When insulin resistance has been building for years, the body is already working overtime. People feel hungrier, crave carbs, gain weight easily, and feel exhausted because their physiology is fighting to keep up. By the time Type 2 diabetes is diagnosed, insulin resistance has usually been present for years.
Symptoms of Type 2 Diabetes
Type 2 diabetes often shows up through symptoms like increased thirst, frequent urination, blurred vision, slow healing, and unexplained fatigue. These are early signals that glucose and insulin are out of balance.
Insulin resistance often appears earlier as intense carb cravings, feeling hungry soon after eating, energy crashes, and weight gain that feels impossible to control. These symptoms are often misunderstood or dismissed, which leaves people feeling like they’re doing something wrong instead of recognizing that their body is struggling.
Risk Factors for Type 2 Diabetes
Risk factors are not moral judgments. They are simply patterns that show where the body may need more support.
Genetics and family history: Type 2 diabetes often runs in families because insulin resistance has a strong genetic component.
Hormonal conditions: PCOS, perimenopause, and gestational diabetes all increase the body’s insulin needs and can reveal underlying insulin resistance.
Age: As we age, our cells naturally become less responsive to insulin. This is physiology, not failure.
Ethnicity: Some ethnic groups have higher rates of insulin resistance due to genetic patterns, historical stress, and environmental factors — not because of behavior.
Chronic stress and sleep disruption: Stress hormones and poor sleep make the body less sensitive to insulin over time.
Certain medications: Steroids, some psychiatric medications, and others can increase insulin resistance.
These factors do not cause diabetes on their own. They simply create conditions where the body has to work harder to keep glucose stable.
Orientation
Before clear symptoms appear, the body often sends quieter signals that something is shifting. You might notice your hunger increasing out of nowhere, changes in your sleep, sudden energy crashes, or weight changes that do not match your habits. These are early signs that your metabolism may be under stress.
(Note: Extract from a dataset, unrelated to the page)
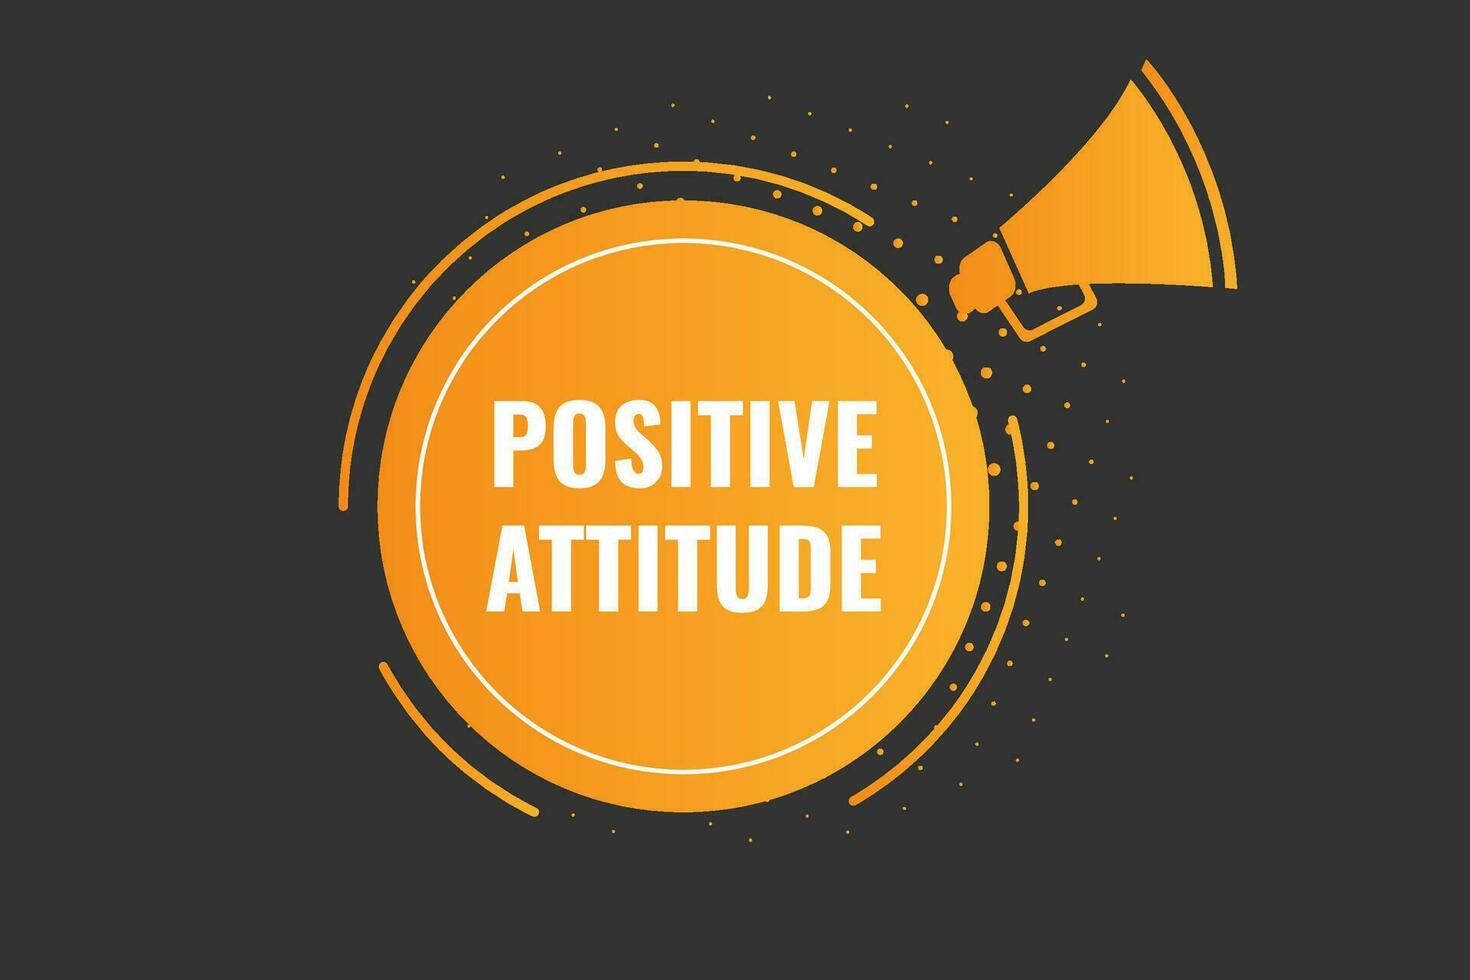 Positive Attitude Button. Speech Bubble, Banner Label Positive Attitude vector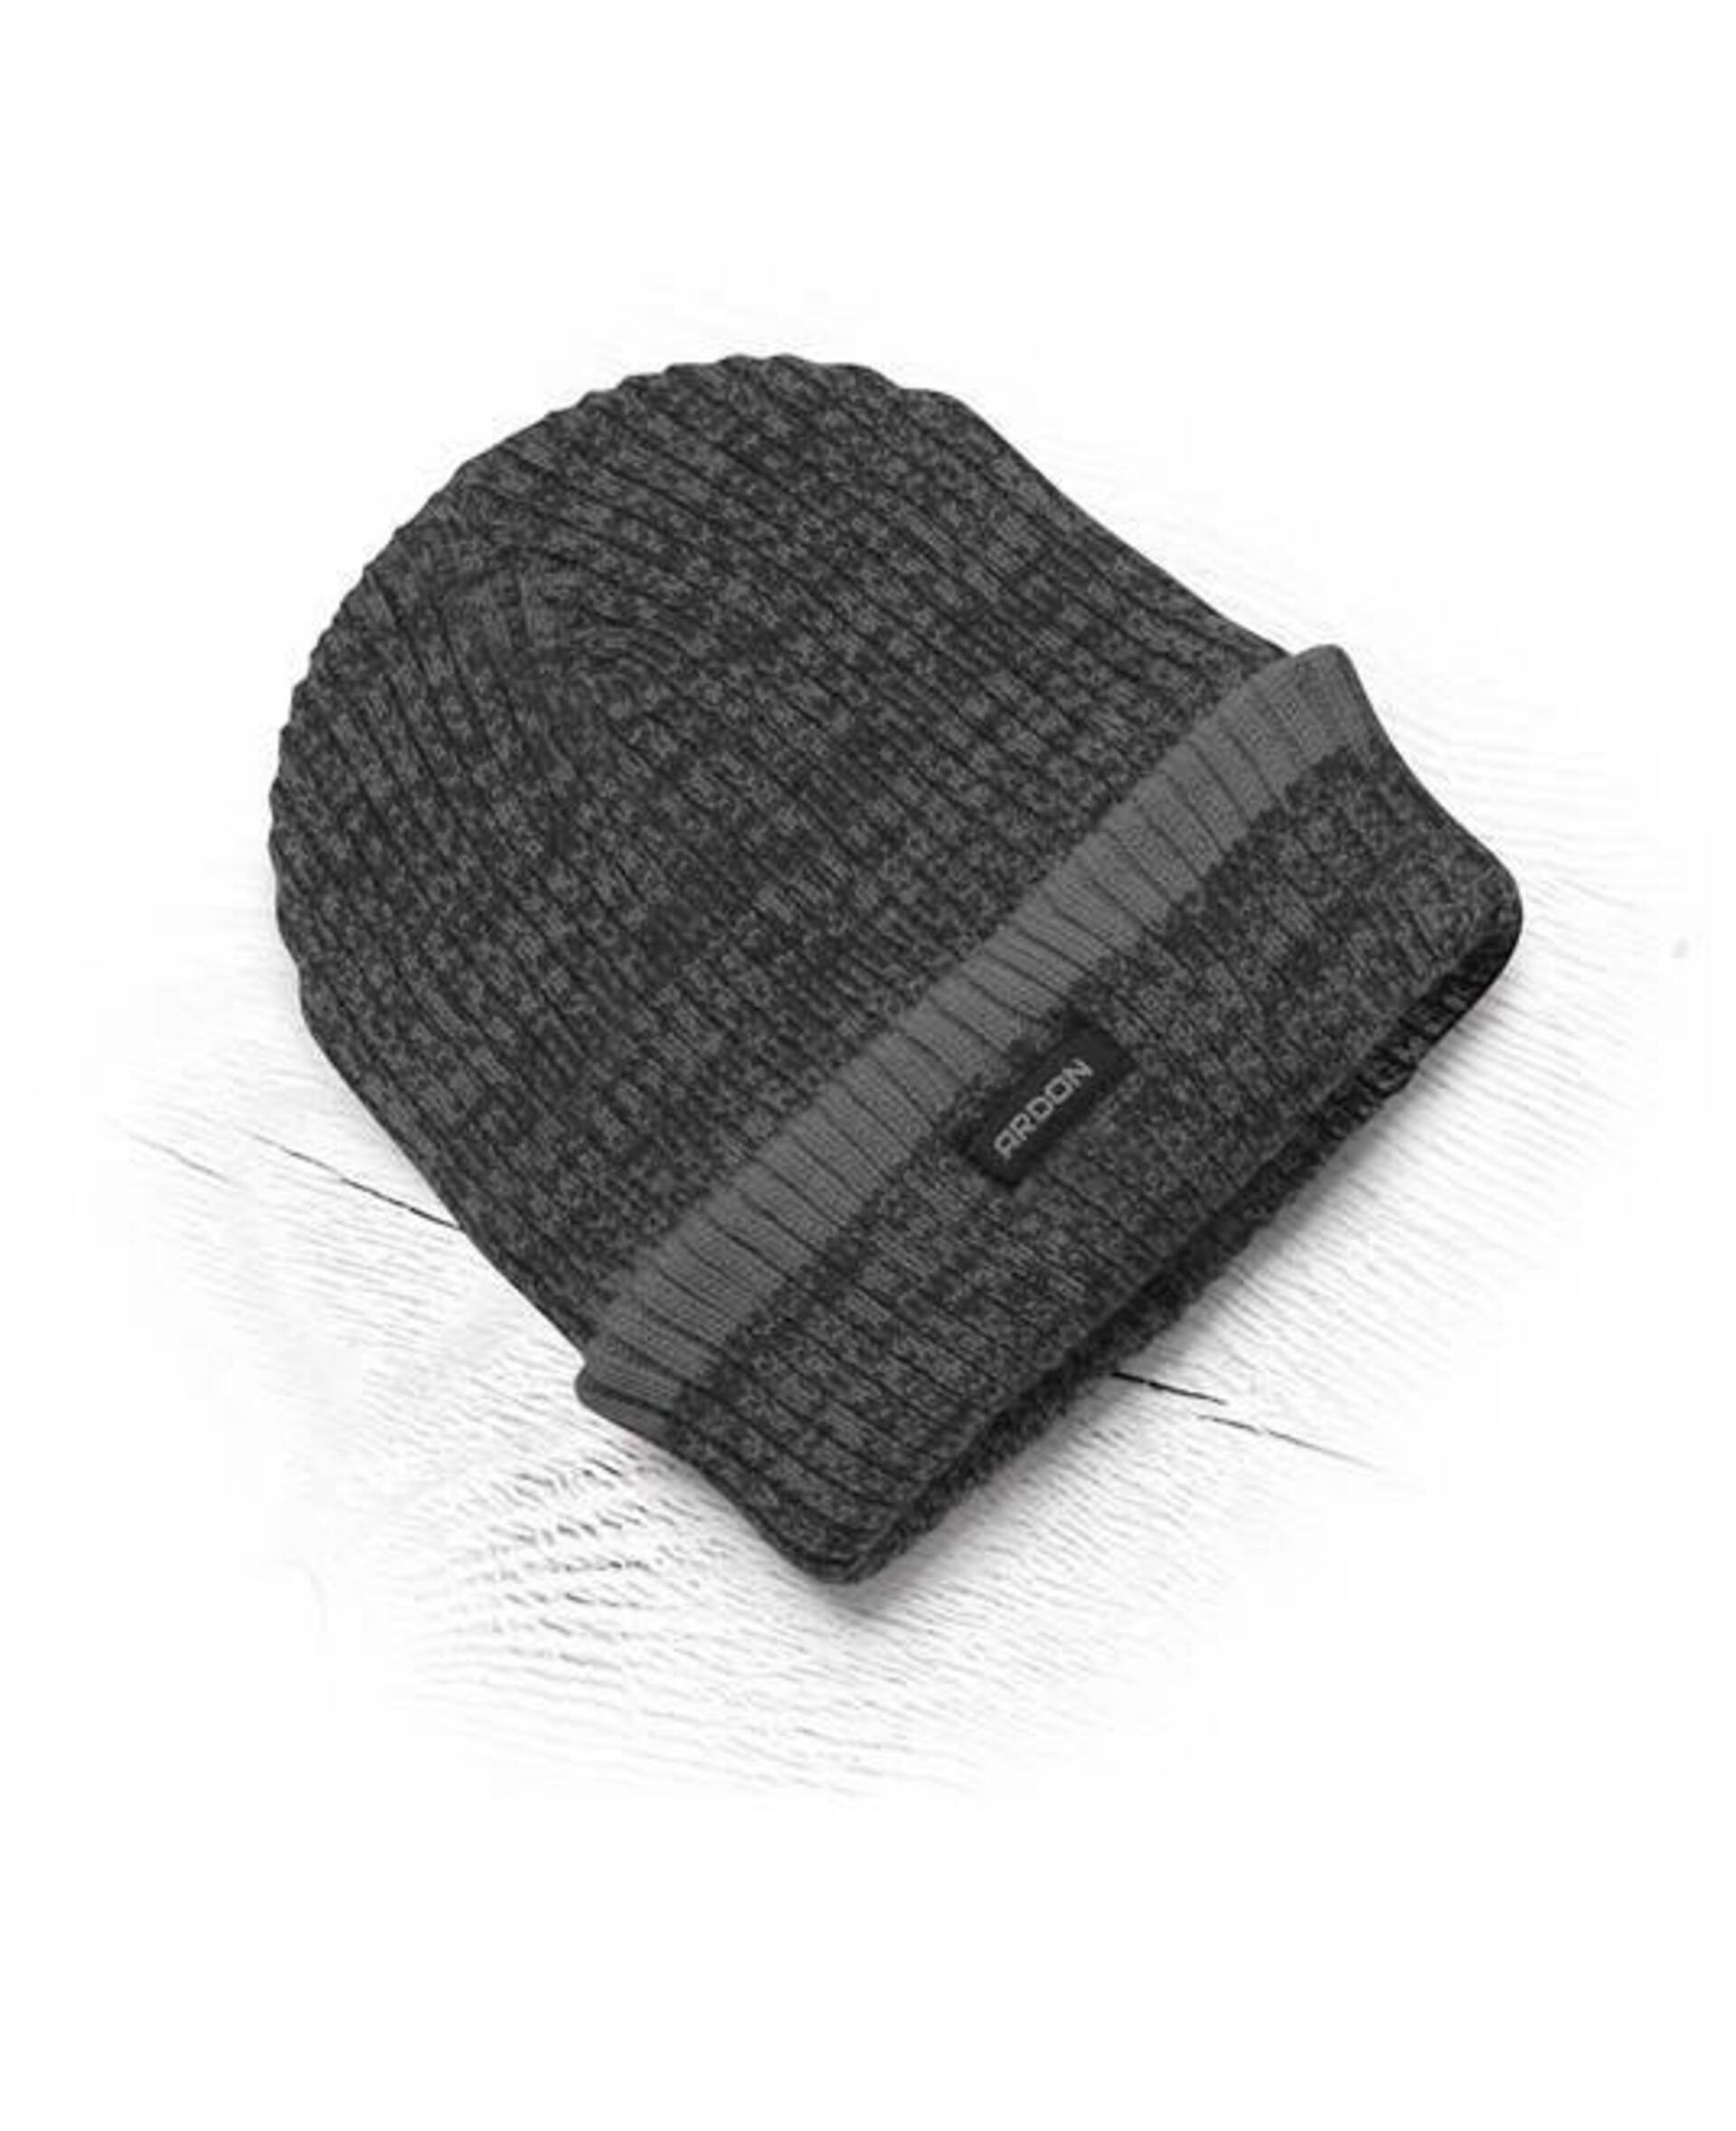 Ardon VISION NEO pletená Čepice zimní černá/šedá + Bezplatné vrácení zboží

If something feels off, it is important to seek medical care. That can mean a primary care doctor, an endocrinologist, or another professional who takes your concerns seriously. And if you feel dismissed or told “everything is fine” when your intuition says otherwise, it’s completely appropriate to seek a second opinion. You deserve care that listens, investigates, and respects your lived experience.
Orientation is about learning your body’s signals and finding support that meets you where you are.
This is where reframing becomes essential.
Diabetes is not a moral failure. It is a metabolic condition shaped by physiology, not character. When we understand what the body is trying to communicate, shame gives way to clarity, and clarity opens the door to care that truly supports us. You deserve providers who listen, patterns that make sense, and a relationship with your body that is grounded in dignity rather than blame.
Reframing diabetes is not about cure — it is about understanding, regulation, and support that honors the whole person.
Art Prompt: “Mapping My Inner Landscape”
This creative exercise helps you explore your emotional and physical experience with diabetes through intuitive art.
What You will Need:
Paper or sketchbook
Colored pencils, markers, or watercolor
Optional: collage materials
Try This:
Draw a body outline — abstract or literal.
Color your sensations: Where do you feel strong, tired, numb, or alive?
Add symbols or words: What’s your relationship with food, insulin, or energy?
Reflect: What is your body asking for? What part of you needs compassion?
Title your piece: Give your experience a name.
This is not about being “artistic” — it is about being honest.
Let this be the beginning of a more compassionate conversation with your body.